OT: DVD printer needed after R200 no longer prints

Comments

riredale wrote on 12/23/2007, 12:06 AM
We've used printers from HP, Canon, and Epson. I greatly disliked HP's tendency to install lots of stuff along with the driver; all the Epson printers eventually clogged their printheads. The Canons just keep on running. As several of us have mentioned before, you can buy a generic Canon printer on eBay for maybe $100 and then get a CD tray and roller assembly for about $15 to convert your US printer into an international printer (which can print CDs). It's a simple process and the mechanical aspects work very well. To get full color saturation on Taiyo Yuden Watershield disks I need to run the disks through twice.

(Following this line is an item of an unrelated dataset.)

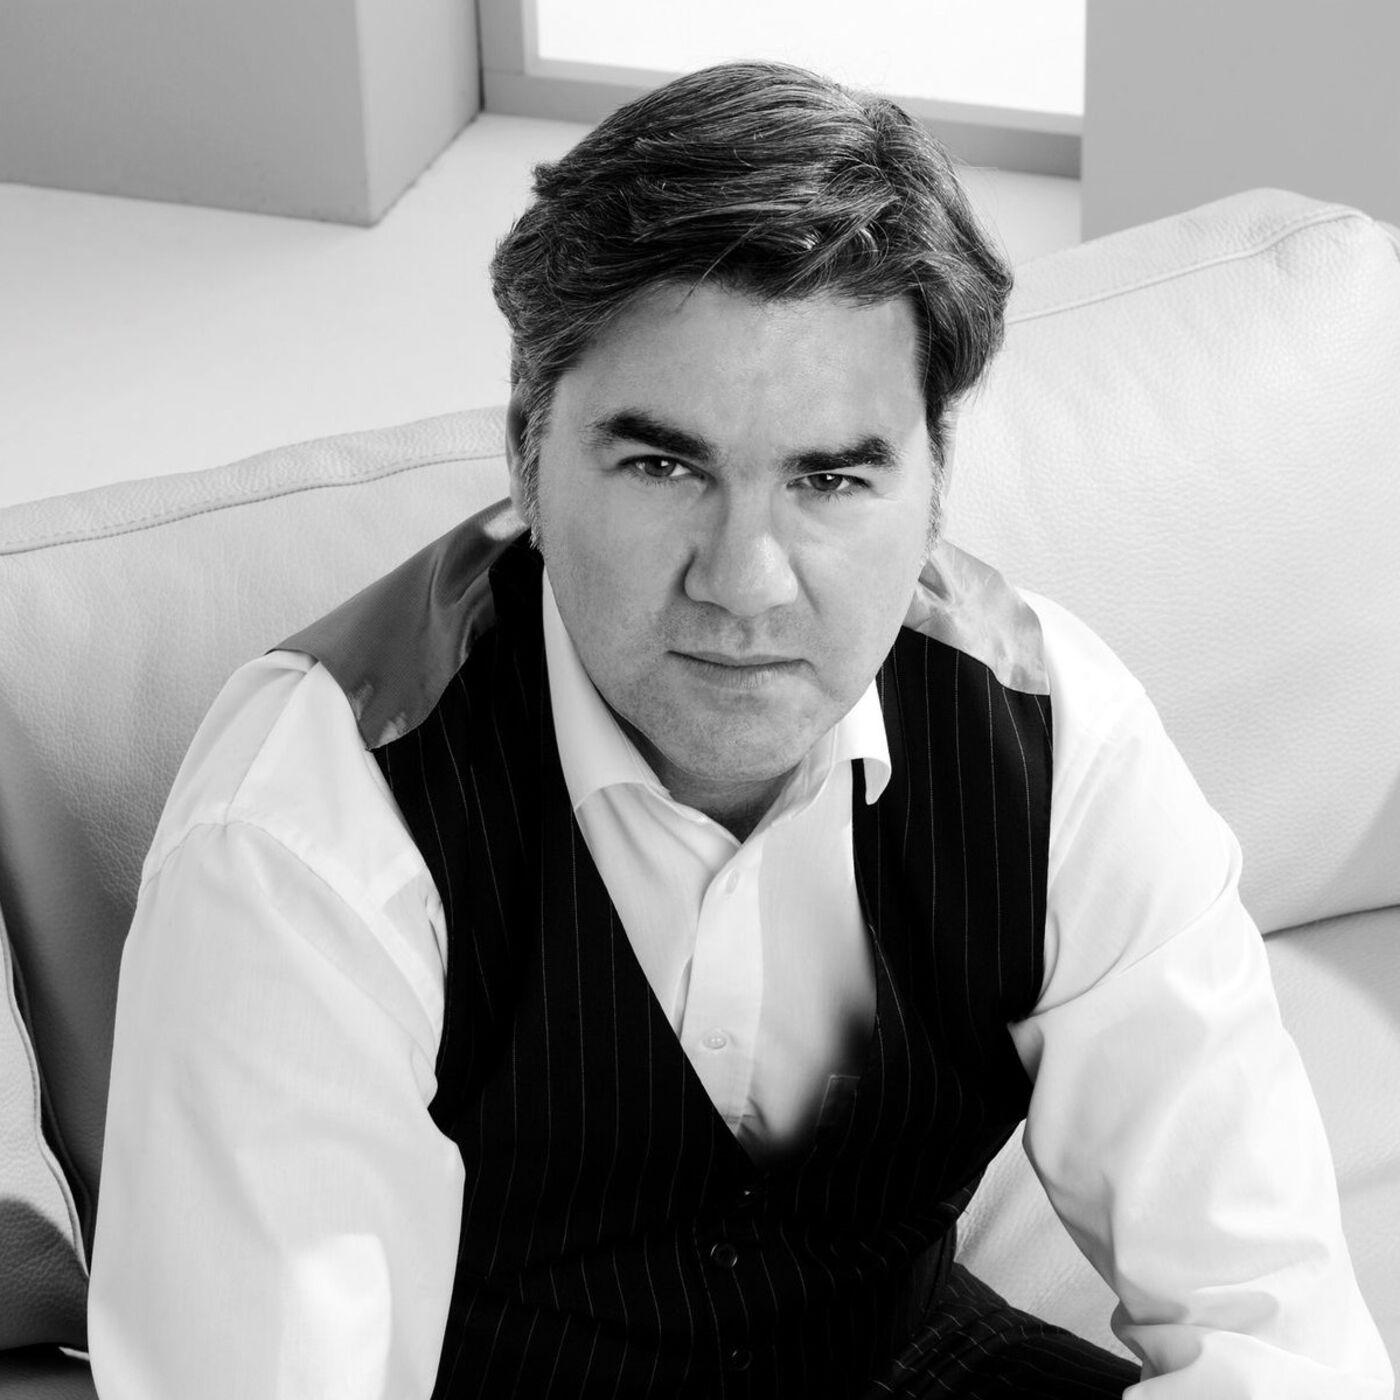 Paul Adrian, Founder of MOJO Hair

For disk layout I use a remarkably powerful program called "Nero Cover Designer," which comes with the Nero burning software package.
JJKizak wrote on 12/23/2007, 6:31 AM
Geez, I just keep my old Epson 960 with the two hand manual loading tray and Epson ECC3 software. Not for huge amounts of discs but I maybe have run through about 1500 discs.
JJK
Laurence wrote on 12/23/2007, 8:15 AM
Epson has this program they call "loyalty" where if you call them up and ask about repairing an old Epson, they will give you the option of getting a discount on a new one. I got a new Epson RX-680 for a little over a hundred dollars this way. It was only a 40 dollars or so more than a new set of ink cartridges. It is really nice and prints on discs really well. it also works via bluetooth and scans directly to PDF on a thumbdrive. Pretty cool!
Coursedesign wrote on 12/23/2007, 8:15 AM
The Epson R200 printer belongs in the consumables section. I wore out two before getting an R320, that also has the beefy tray.

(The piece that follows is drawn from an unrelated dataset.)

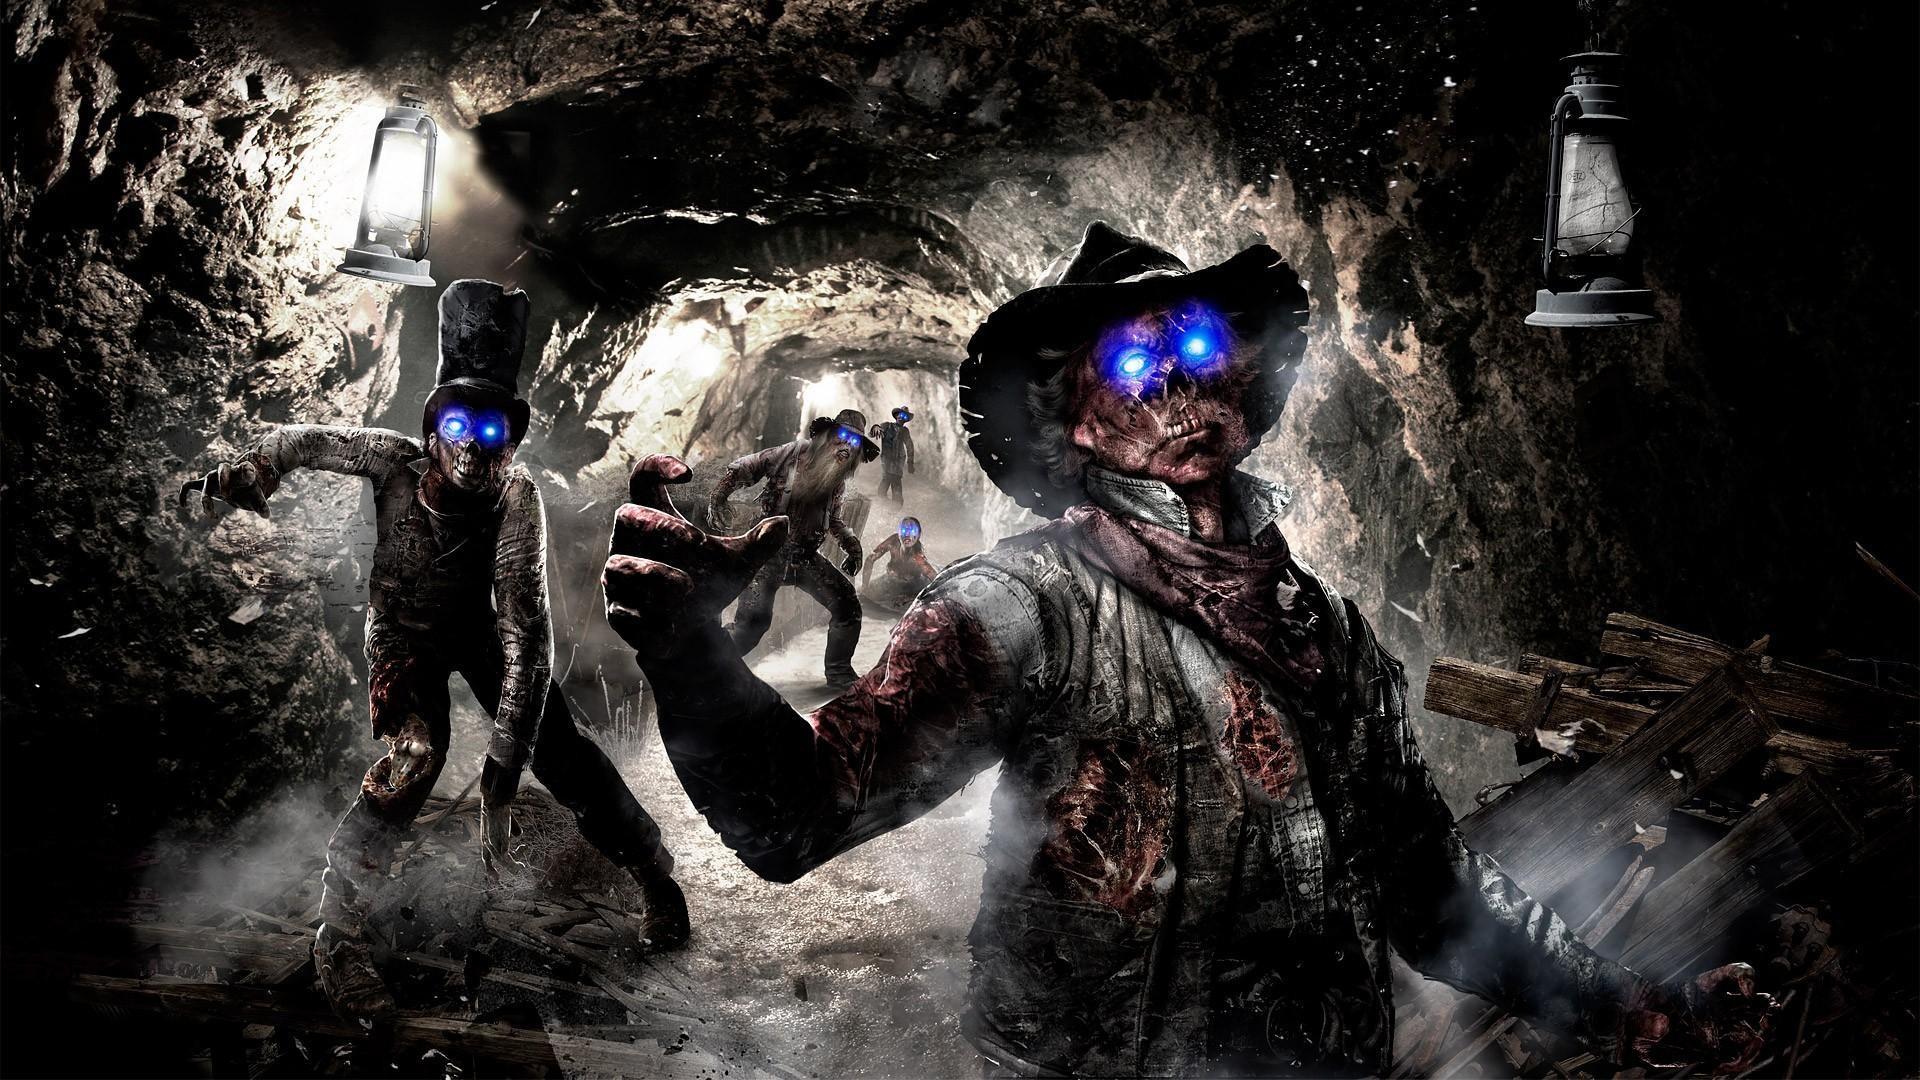 black ops 2 nuketown zombies wallpaper 1080pblack ops 2 zombies .

The 320 has started making trouble too now, complaining before every disk that the tray is not correctly inserted. A quick hit on the Paper Feed button on the printer followed by Continue on the screen gets it going, but this is not OK.

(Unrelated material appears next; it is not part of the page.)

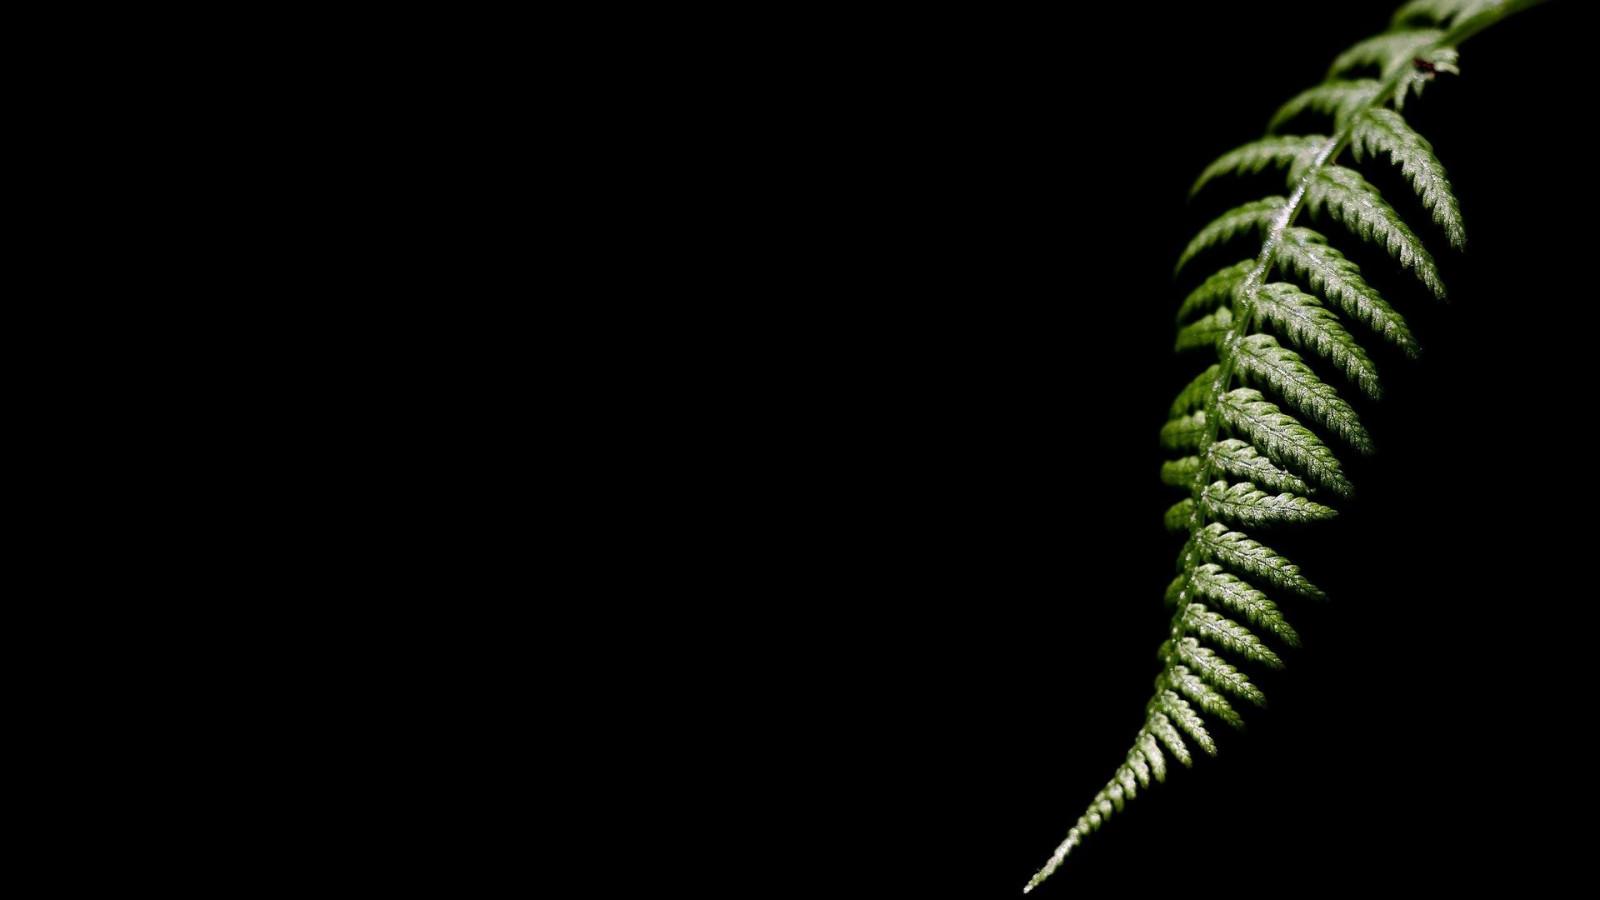 Wallpaper : 1920x1080 px, black background, ferns, green ...

I'm also approaching a volume where I can't defend the above setup much longer, so I'm beginning to look for auto duplicator/printers. It seems to me that the units selling for $1,500-$2,000 today have a materials cost of maybe $250 (to be very generous), and it is just against my religion to overpay that much, especially considering that most of these are sold direct with minimum overhead.

It seems to me that the first of those companies to take a deep breath and drop the price below $1,000 could make a lot of money in a very short time.

(And replication is not the answer for me, as I don't want to go 1,000 copies between revisions. There is a 300x packaged solution that I may consider if I get desperate enough.)
Laurence wrote on 12/23/2007, 11:10 AM
A couple of times a year I find myself doing replication jobs which are just a total PITA with an Epson tray printer. I would just LOVE to get an automated printer that could do a bunch of discs at a time as well. The price still seems a little steep though.
Dan Sherman wrote on 12/23/2007, 2:16 PM
Repalced Epson R200 with R280.
Works well.
R200 still prints but one has to hand feed the DVDs.
The DVD tray no longer works,---the end the rollers grab is worn too thin I bekieve.
Been a real work horse though.
Still most jobs over 50 or so I farm out as it isn't worth my time to do more than that.